MATERIAL PROVIDED —
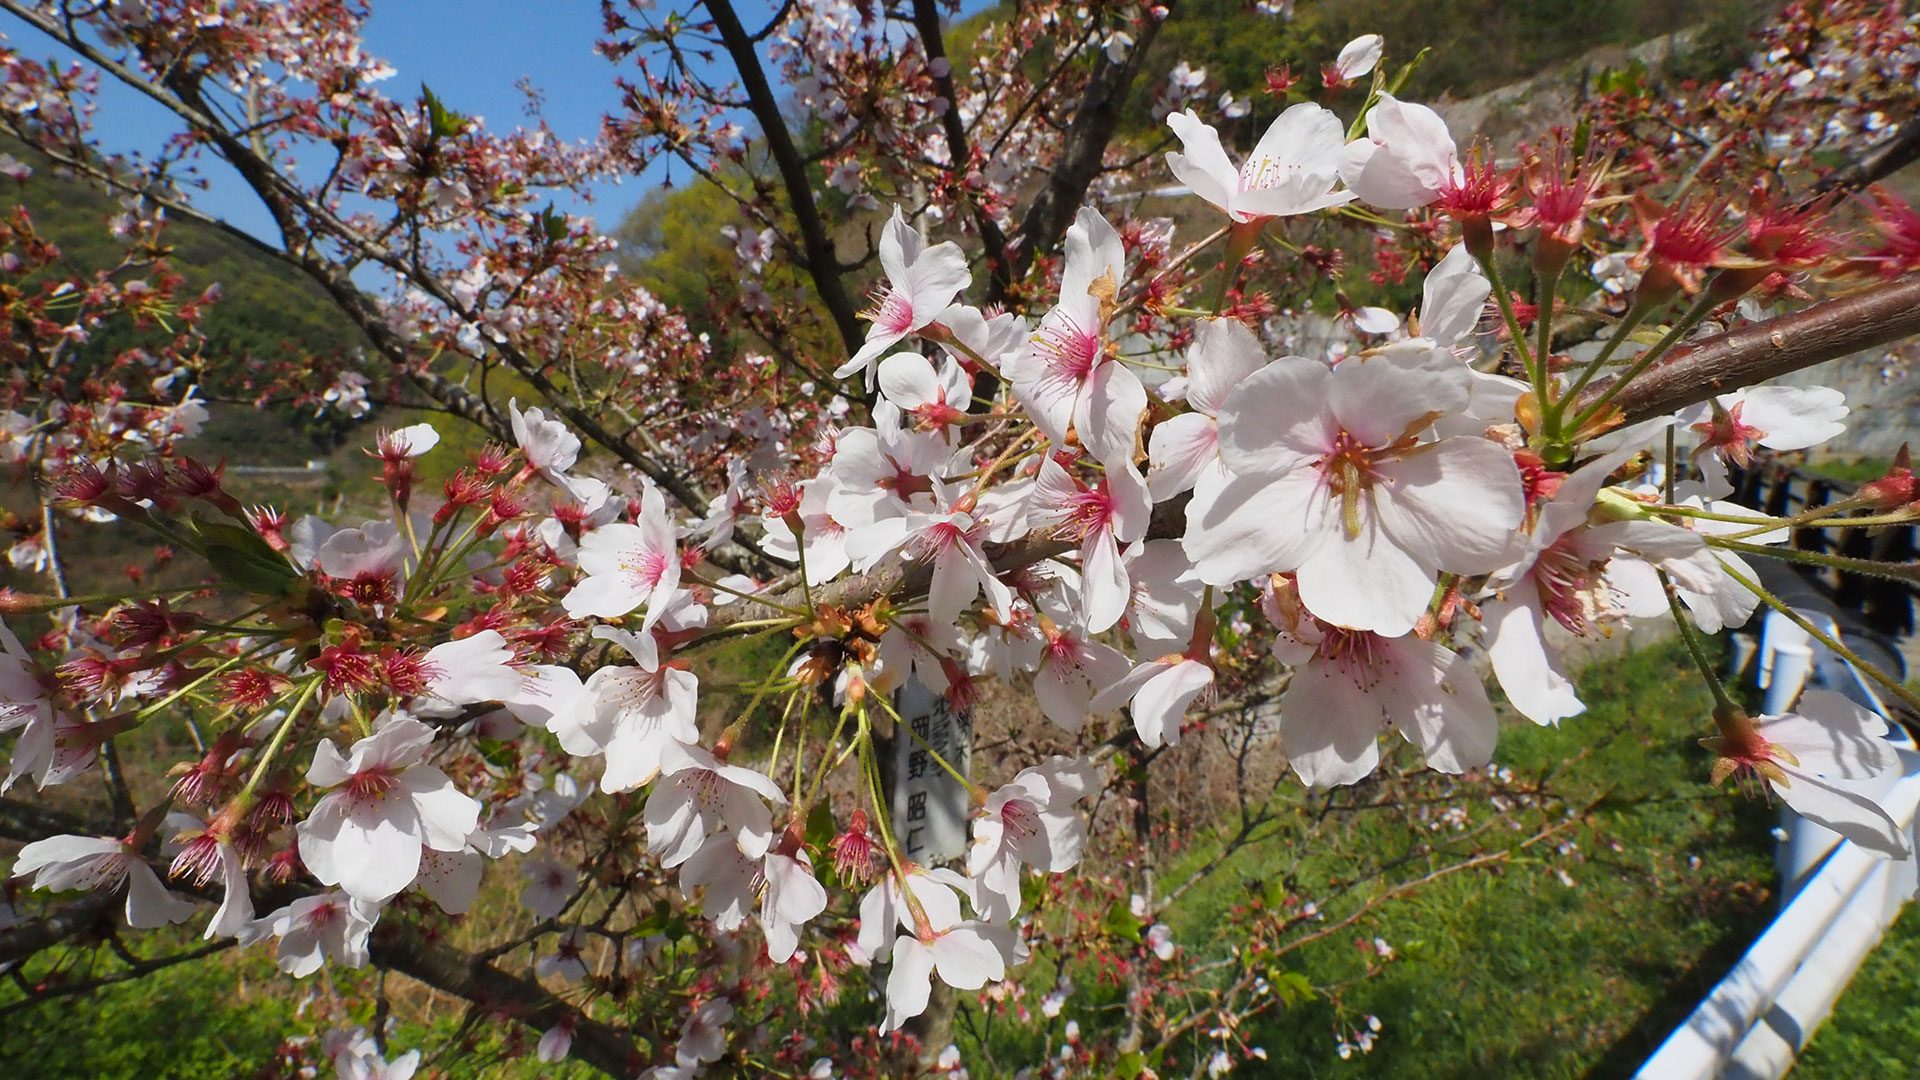 アキヒトとは因島出身のポルノグラフィティのボーカル、岡野明仁さん。岡野さんもこの植樹活動をサポートして桜の木のオーナに名を連ねているのです
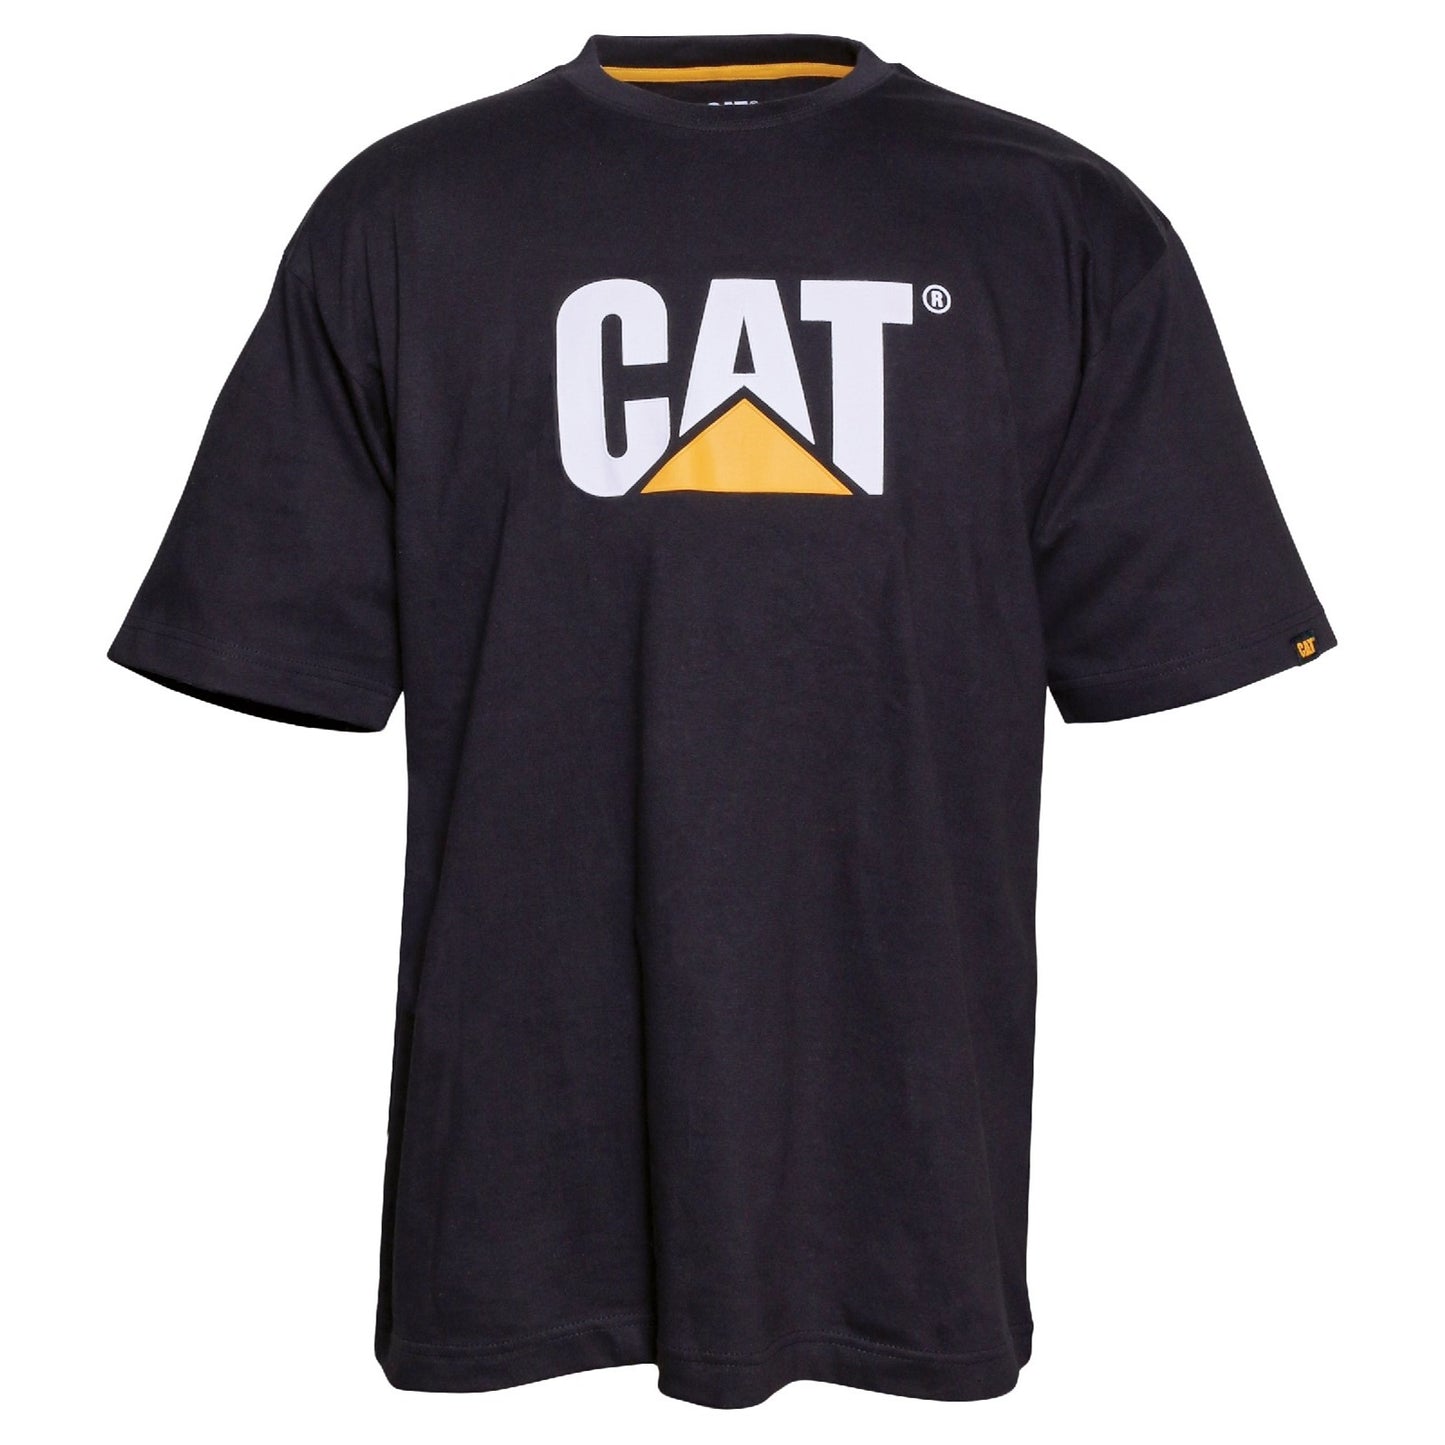 Trademark Logo T-Shirt, Caterpillar
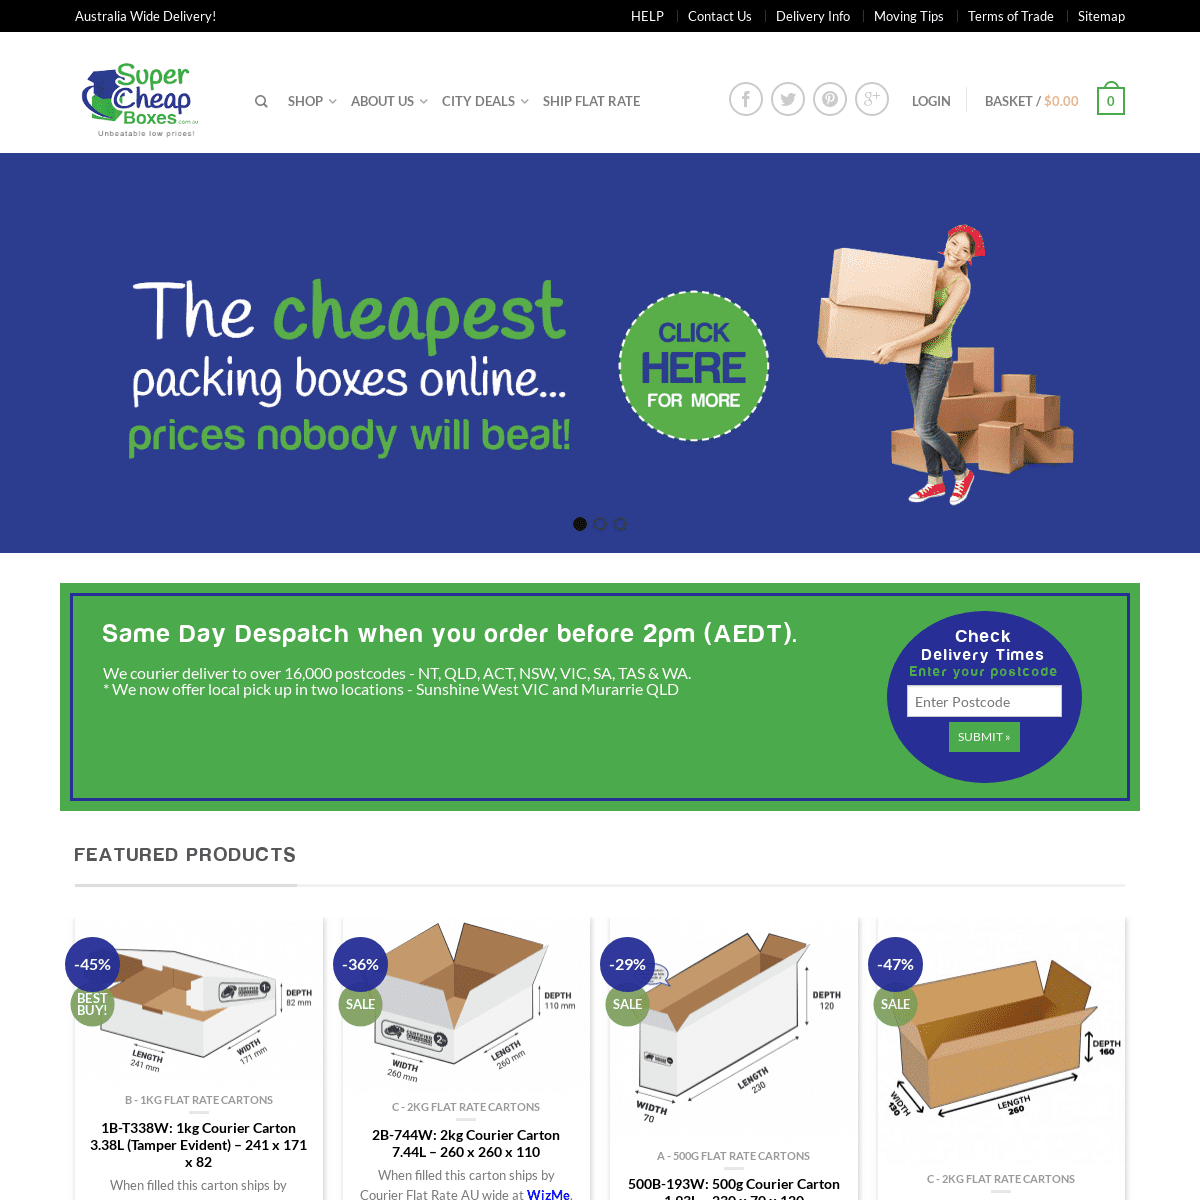 A complete backup of supercheapboxes.com.au
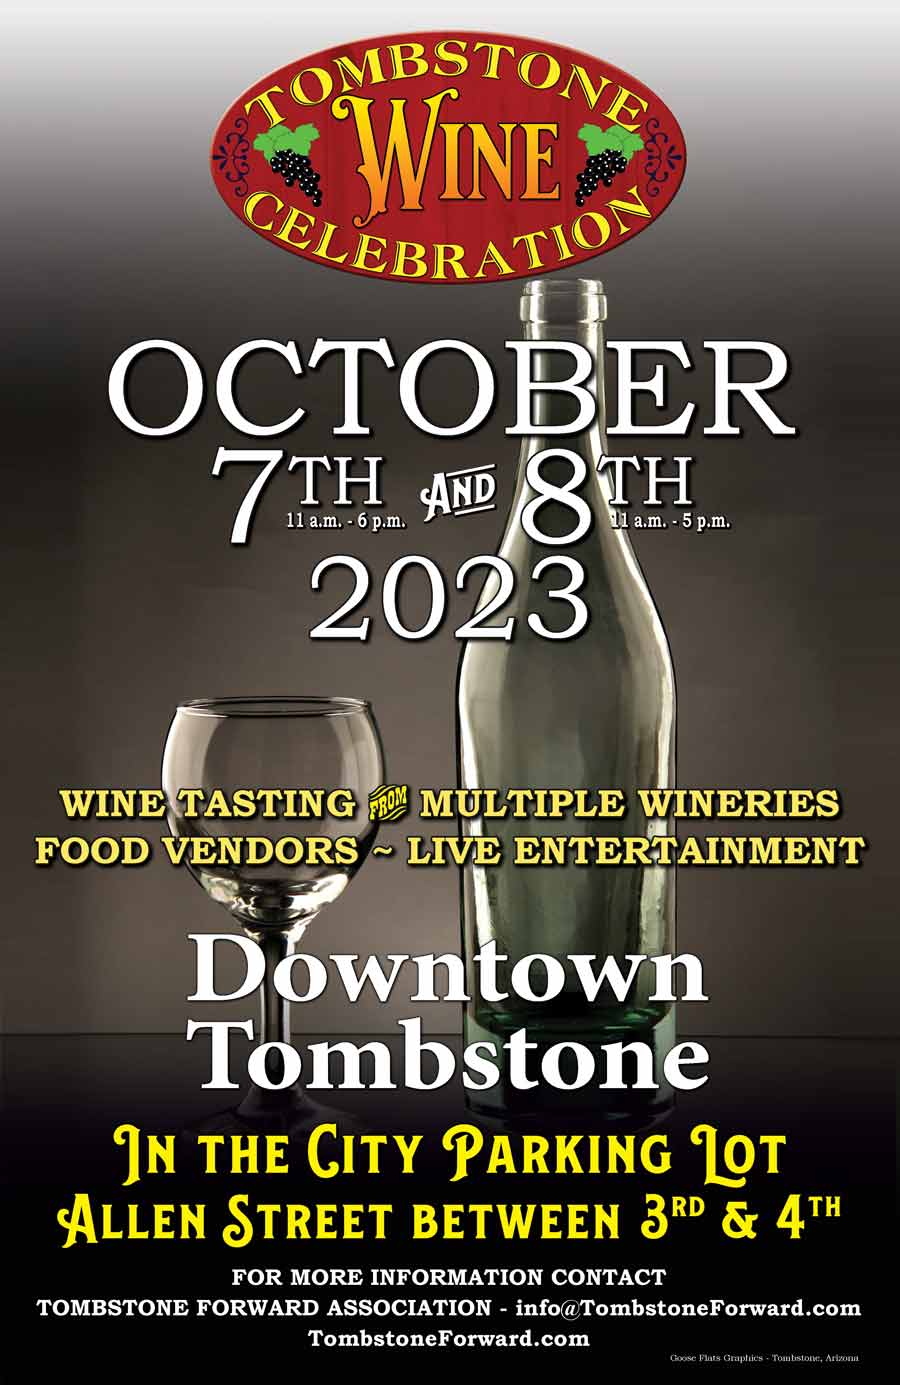 Tombstone Wine Celebration ⋆ Discover Tombstone Arizona

AIM OF THE EXERCISE — Pictures do not belong in the copy. Reproduce the rest of the data exactly.

THE ANSWER —
 アキヒトとは因島出身のポルノグラフィティのボーカル、岡野明仁さん。岡野さんもこの植樹活動をサポートして桜の木のオーナに名を連ねているのです
 Trademark Logo T-Shirt, Caterpillar
 A complete backup of supercheapboxes.com.au
 Tombstone Wine Celebration ⋆ Discover Tombstone Arizona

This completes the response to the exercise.